William Orville Douglas

In a perfect union the man and woman are like a strung bow. Who is to say whether the string bends the bow, or the bow tightens the string?

Cyril Connolly

If the secret sorrows of everyone could be read on their forehead, how many who now cause envy would suddenly become the objects of pity.

Italian proverb

No man is useless who has a friend, and if we are loved we are indispensable.

Robert Louis Stevenson

To do great work a man must be very idle as well as very industrious.

Samuel Butler

We who lived in concentration camps can remember the men who walked through the huts comforting others, giving away their last piece of bread. They may have been few in number, but they offer sufficient proof that everything can be taken from a man but one thing: the last of the human freedoms—to choose one's attitude in any given set of circumstances, to choose one's own way.

Viktor Frankl

Beware the fury of the patient man.

John Dryden

The fact that astronomies change while the stars abide is a true analogy of every realm of human life and thought, religion not least of all.
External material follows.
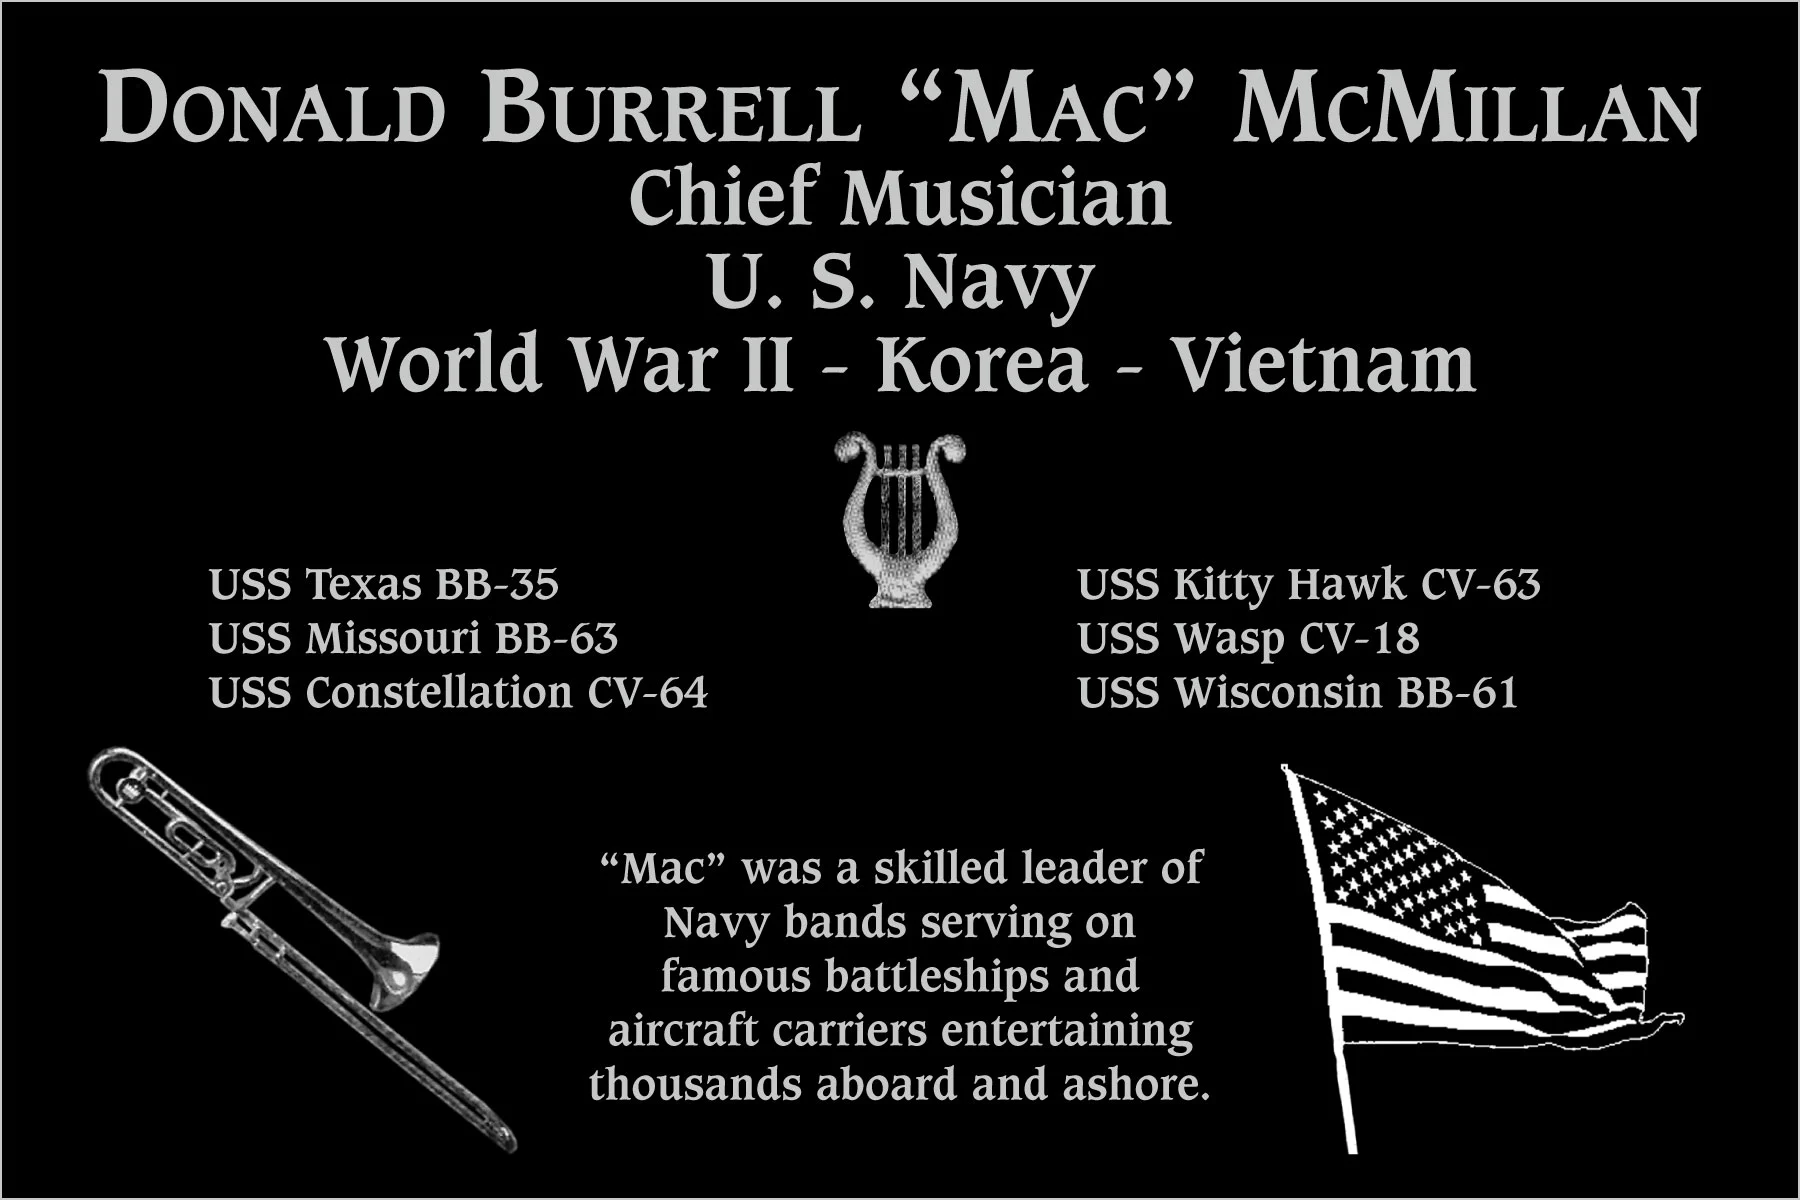 Donald Burrell “Mac” McMillan

No existent theology can be a final formulation of spiritual truth.

Harry Emerson Fosdick

Each man carries within him the soul of a poet who died young.
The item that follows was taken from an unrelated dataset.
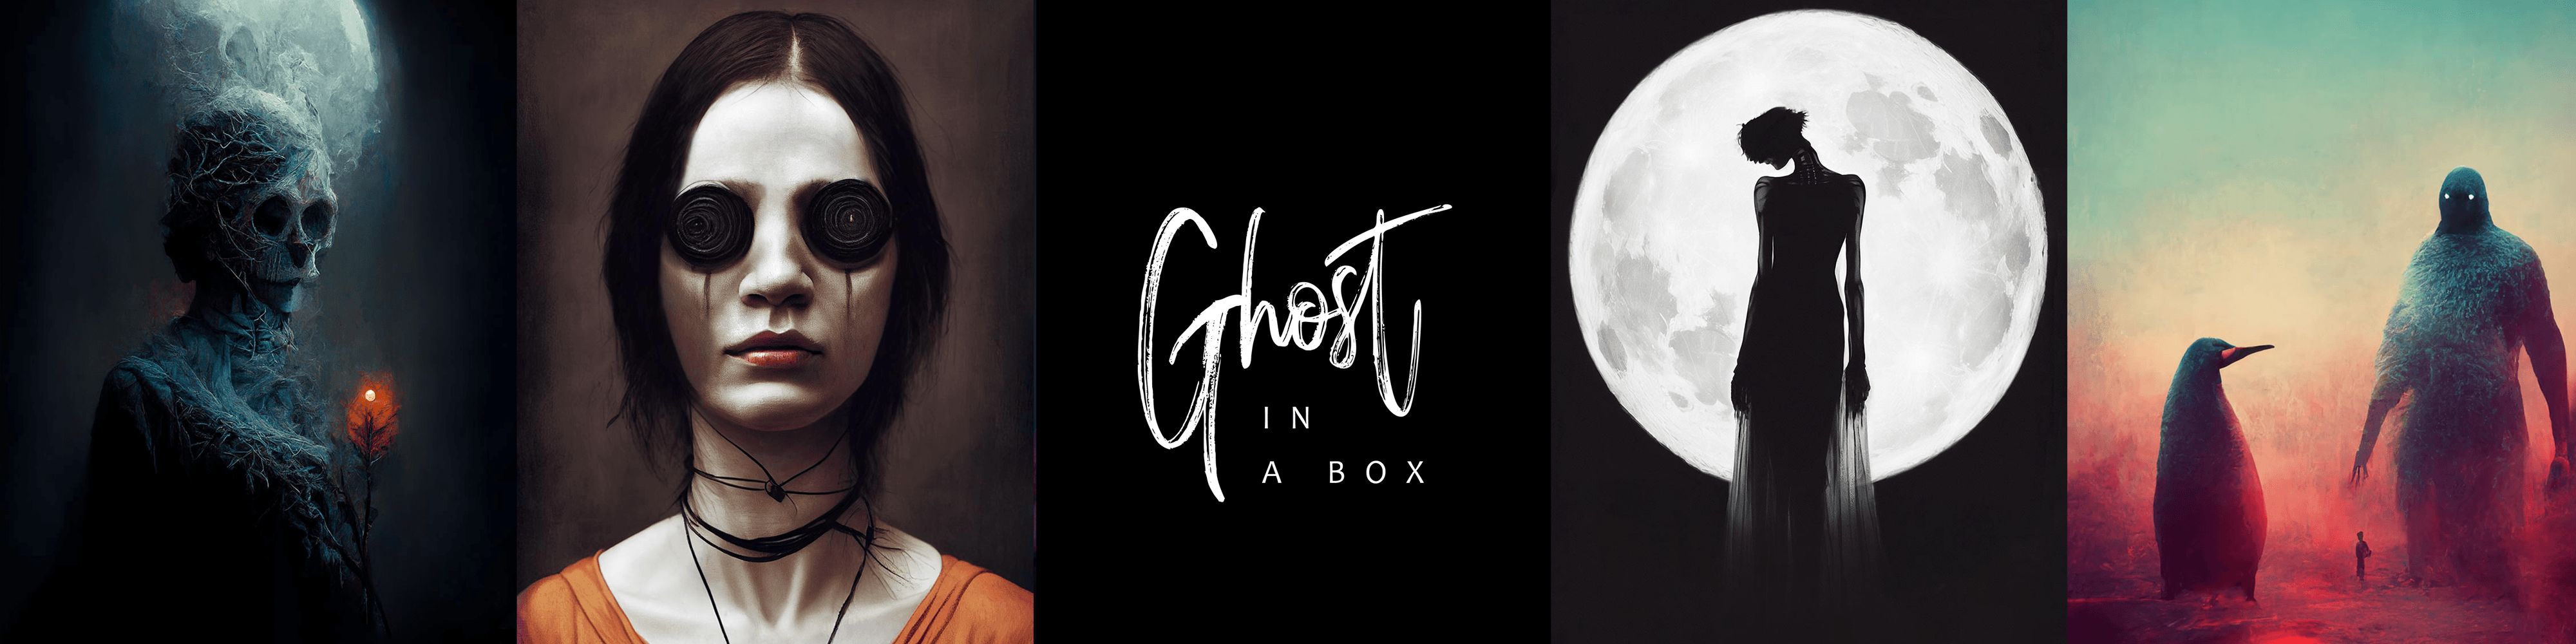 GhostInABox banner

Charles Augustin Sainte-Beuve

The body is a house of many windows: there we all sit, showing ourselves and crying on the passers-by to come and love us.

Robert Louis Stevenson

A man has to live with himself, and he should see to it that he always has good company.

Charles Evans Hughes

No man is an Island, entire of itself; every man is a piece of the Continent, a part of the main; if a clod be washed away by the sea, Europe is the less, as well as if a promontory were, as well as if a manor of thy friends or of thine own were; any man's death diminishes me, because I am involved in Mankind; And therefore never send to know for whom the bell tolls; It tolls for thee.

John Donne

A man who dares to waste one hour of time has not discovered the value of life.

Charles Robert Darwin

The gem cannot be polished without friction, nor man perfected without trials.

Chinese Proverb

Man is so made that he can only find relaxation from one kind of labor by taking up another.

Anatole France

Human subtlety will never devise an invention more beautiful, more simple or more direct than does Nature, because in her inventions, nothing is lacking and nothing is superfluous.

Leonardo da Vinci

If a man walks in the woods for love of them half of each day, he is in danger of being regarded as a loafer. But if he spends his days as a speculator, shearing off those woods and making the earth bald before her time, he is deemed an industrious and enterprising citizen.

Henry David Thoreau

Of course, it's possible to love a human being—if you don't know them too well.

Charles Bukowski

The fool doth think he is wise, but the wise man knows himself to be a fool.

William Shakespeare

It is paradoxical that many educators and parents still differentiate between a time for learning and a time for play without seeing the vital connection between them.

Leo Buscaglia

The true measure of a man is how he treats someone who can do him absolutely no good.

Samuel Johnson

The end of the human race will be that it will eventually die of civilization.

Ralph Waldo Emerson

A man's style in any art should be like his dress--it should attract as little attention as possible.

Samuel Butler

Moral certainty is always a sign of cultural inferiority. The more uncivilized the man, the surer he is that he knows precisely what is right and what is wrong. All human progress, even in morals, has been the work of men who have doubted the current moral values, not of men who have whooped them up and tried to enforce them. The truly civilized man is always skeptical and tolerant, in this field as in all others. His culture is based on "I am not too sure." - H.L. Mencken, writer, editor, and critic (1880-1956)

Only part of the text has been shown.